• [Data]:
========

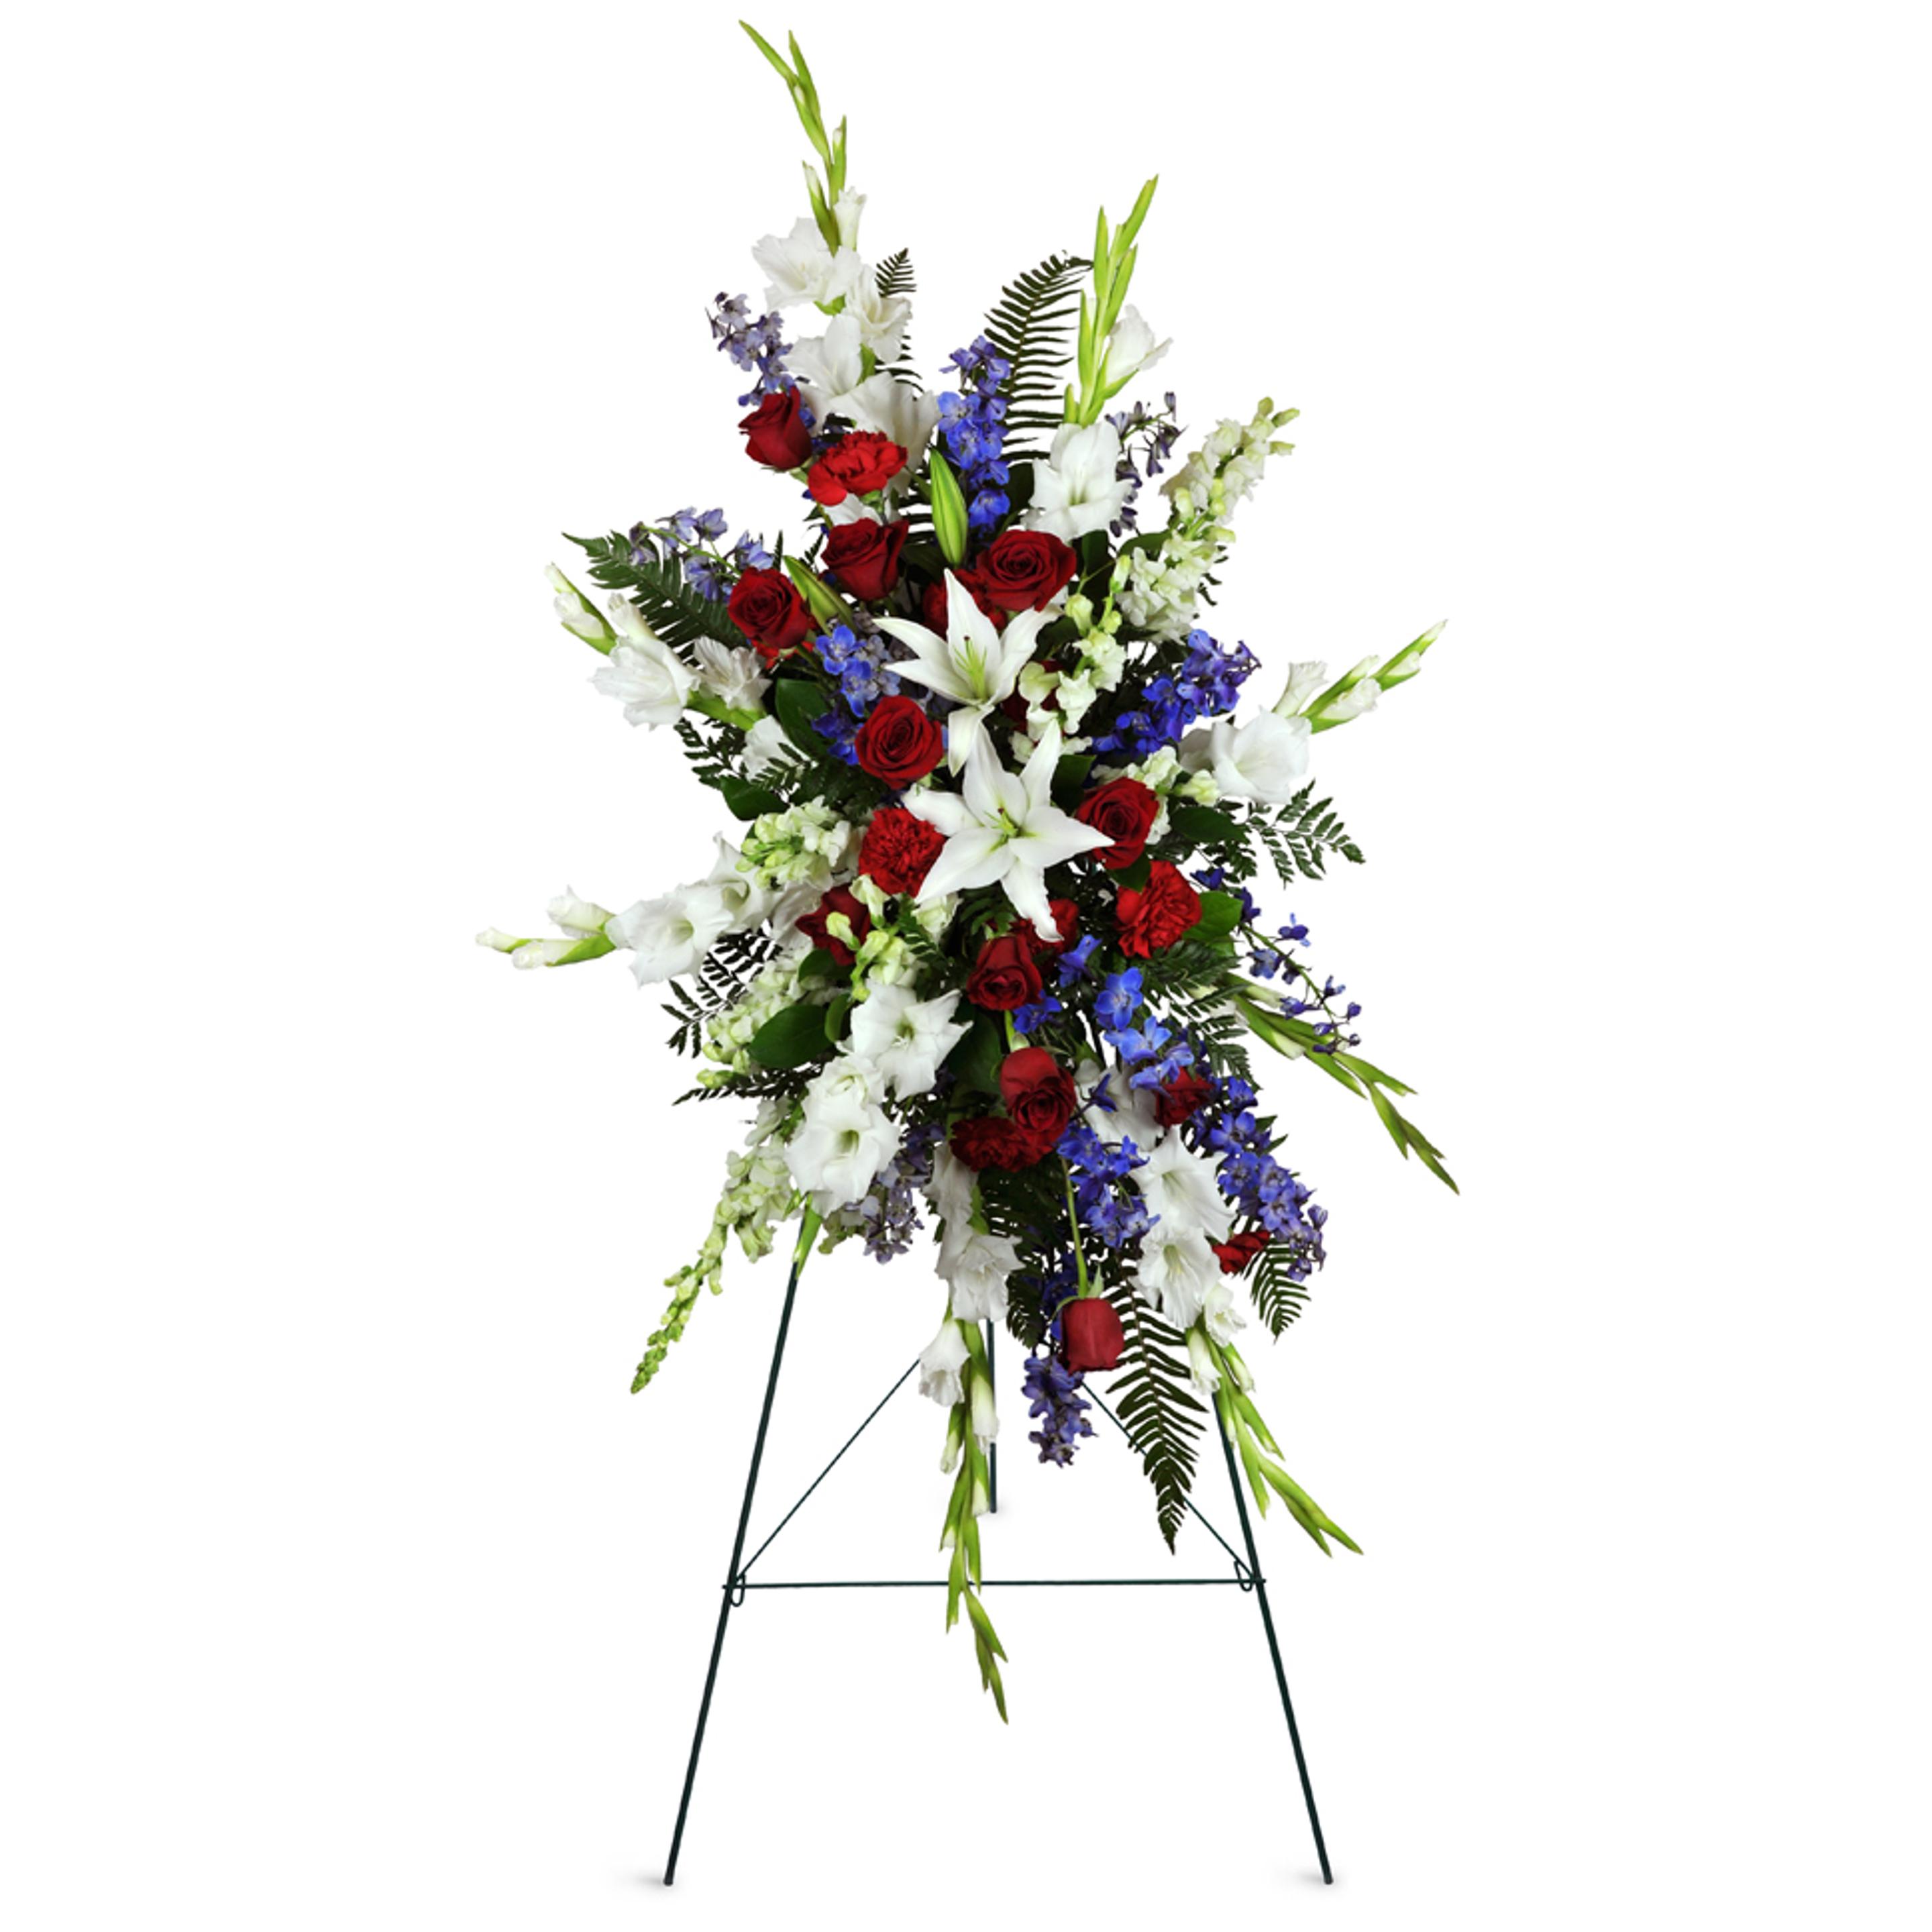 A standing spray with white, red, blue, and green flowers. Tall and elegant as a tribute for funerals.
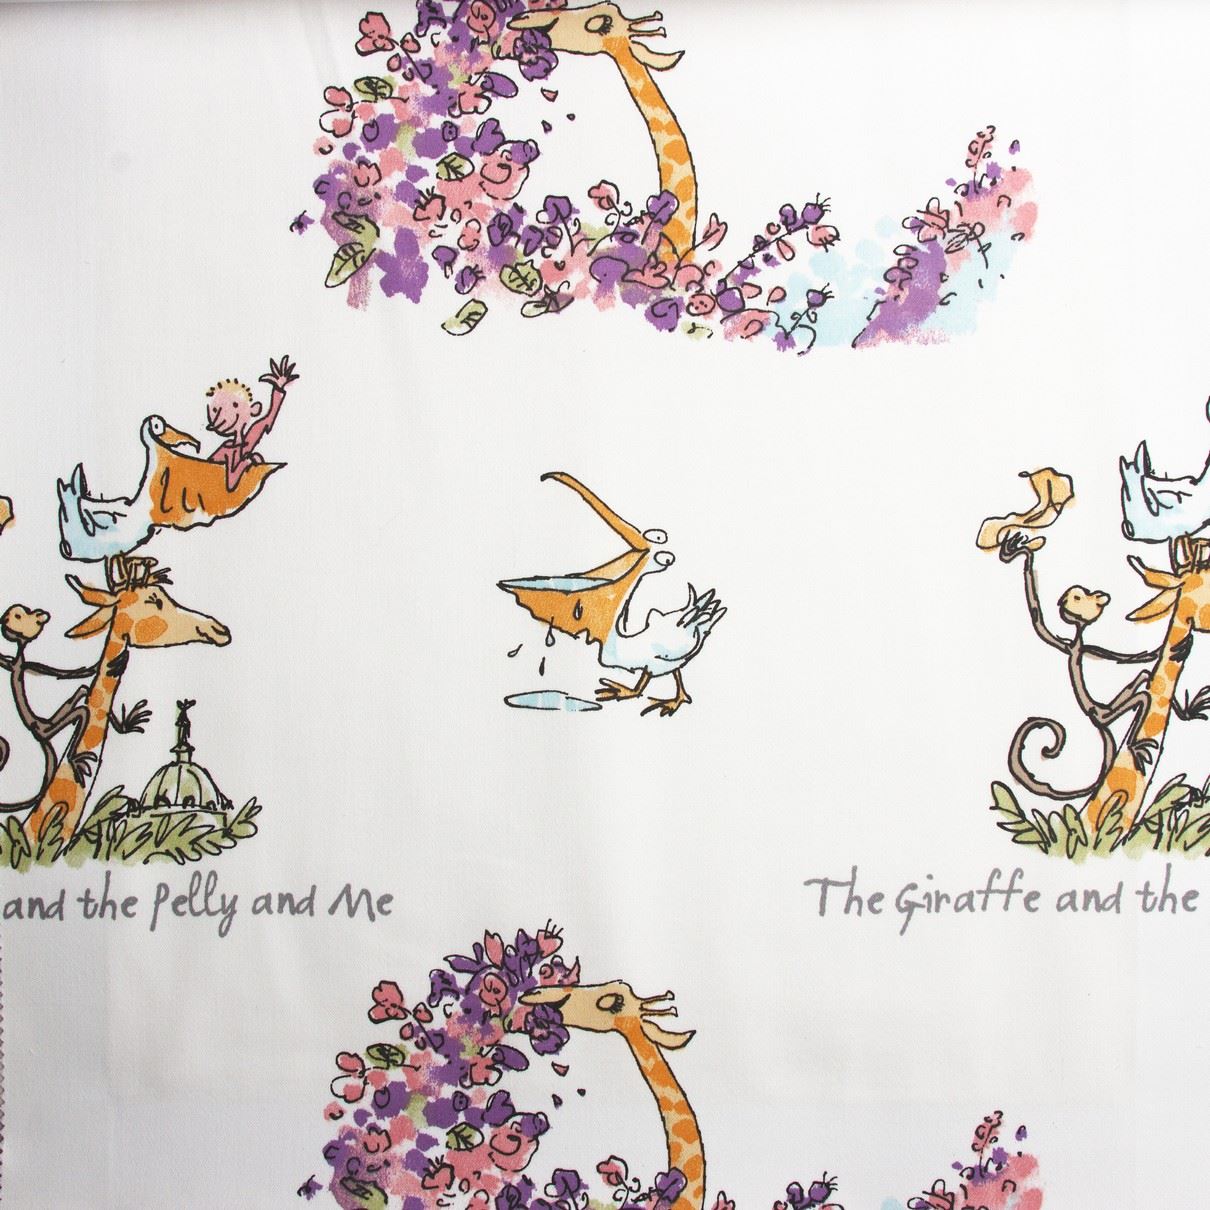 Roald Dahl Quentin Blake Art Story Quilting Curtain - Giraffe And The Pelly And Me Illustrations - HD Wallpaper 
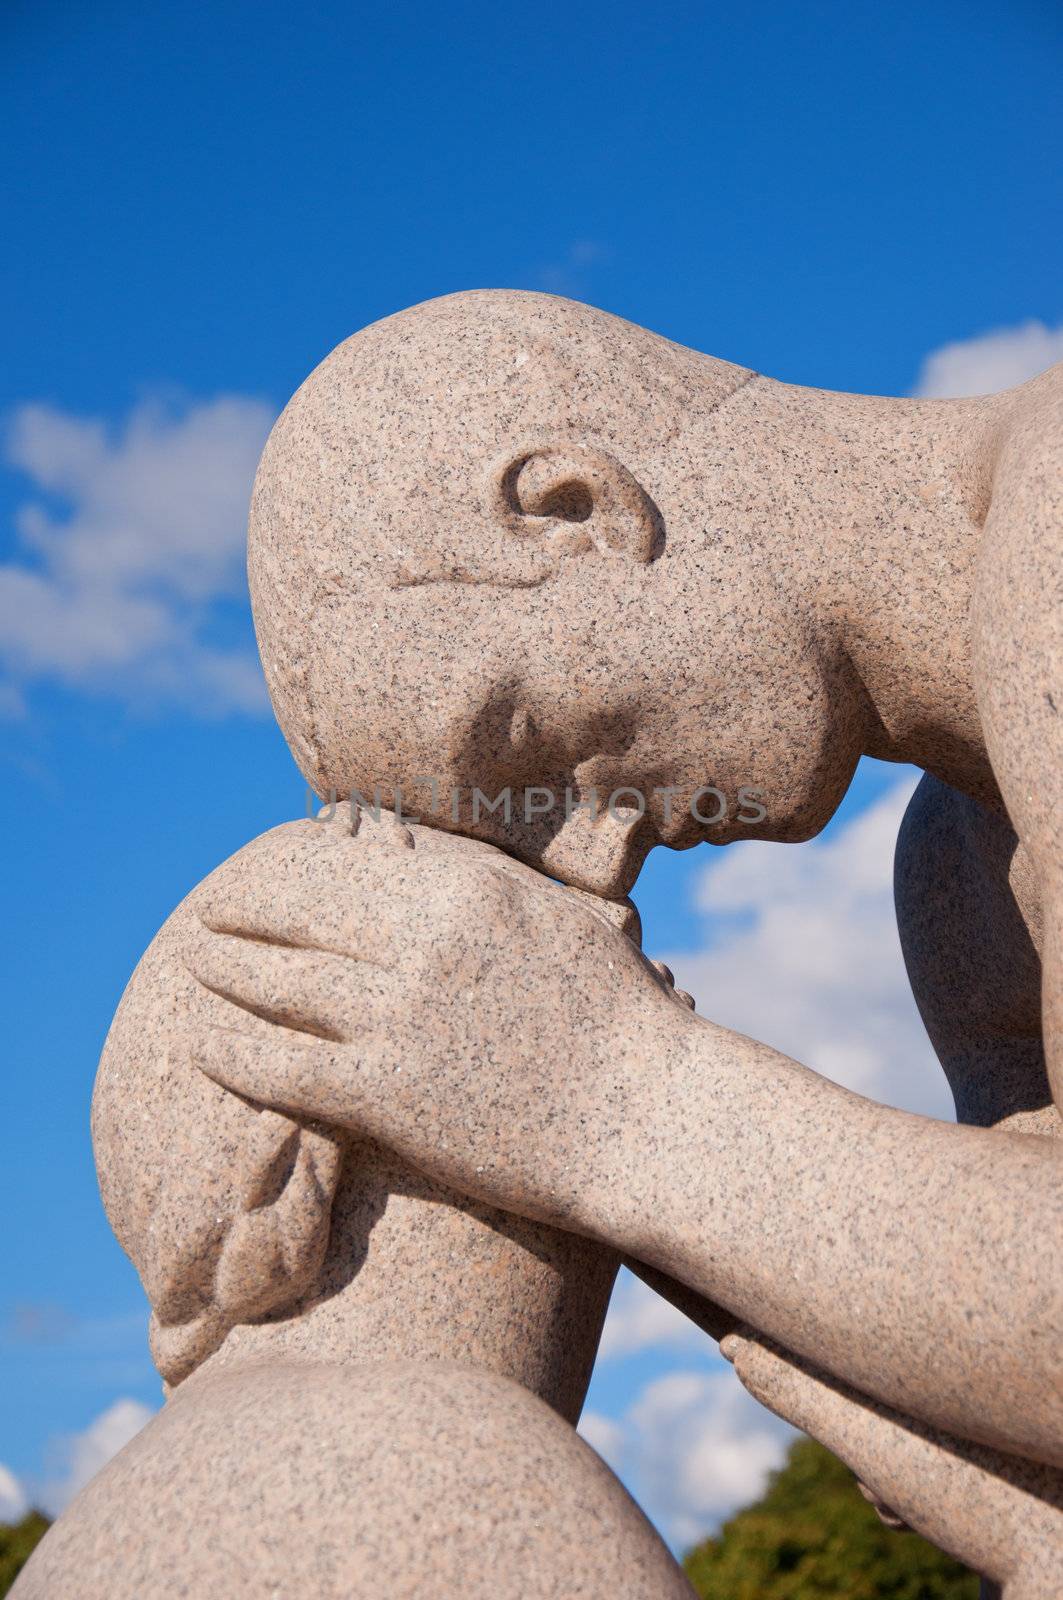 OSLO, NORWAY - September 9: Man and woman statue created by Gustav Vigeland in the popular Vigeland park in Oslo, Norway on September 9, 2011.
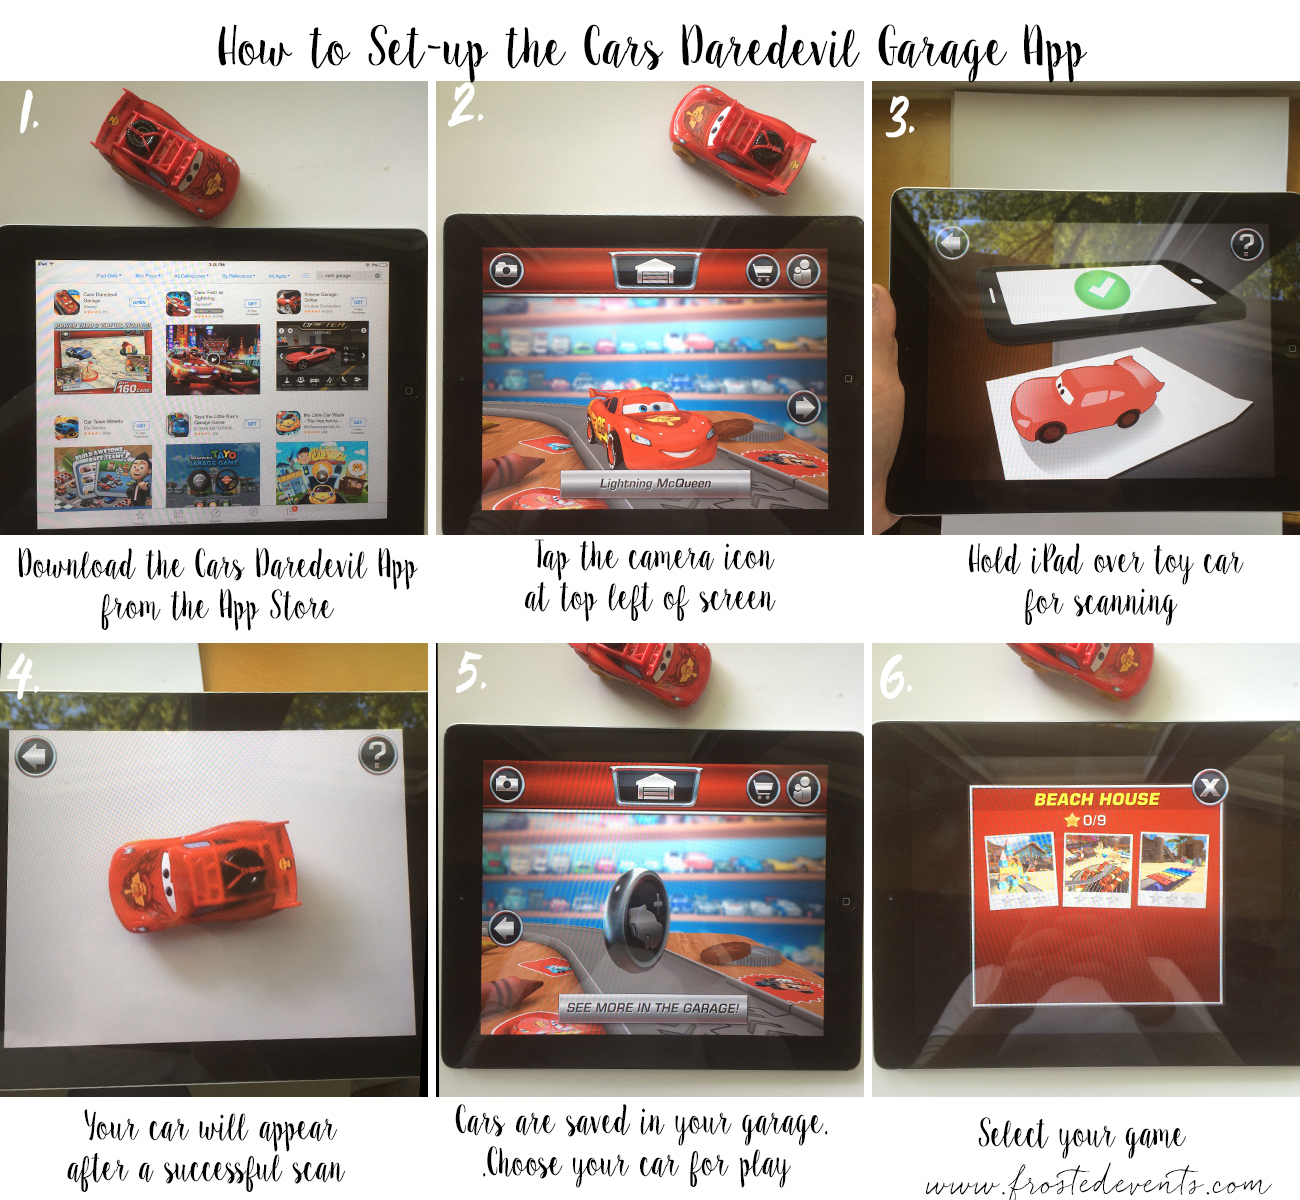 Keep Kids Entertained in the Car with Disney Daredevil Garage App -How To App Tutorial #DisneyPixarCarsToGo #collectivebias #shop

========

• [How to complete this task]:
Everything in the material above must be repeated exactly, apart from its pictures.

• [Written answer]:
 A standing spray with white, red, blue, and green flowers. Tall and elegant as a tribute for funerals.
 Roald Dahl Quentin Blake Art Story Quilting Curtain - Giraffe And The Pelly And Me Illustrations - HD Wallpaper 
 OSLO, NORWAY - September 9: Man and woman statue created by Gustav Vigeland in the popular Vigeland park in Oslo, Norway on September 9, 2011.
 Keep Kids Entertained in the Car with Disney Daredevil Garage App -How To App Tutorial #DisneyPixarCarsToGo #collectivebias #shop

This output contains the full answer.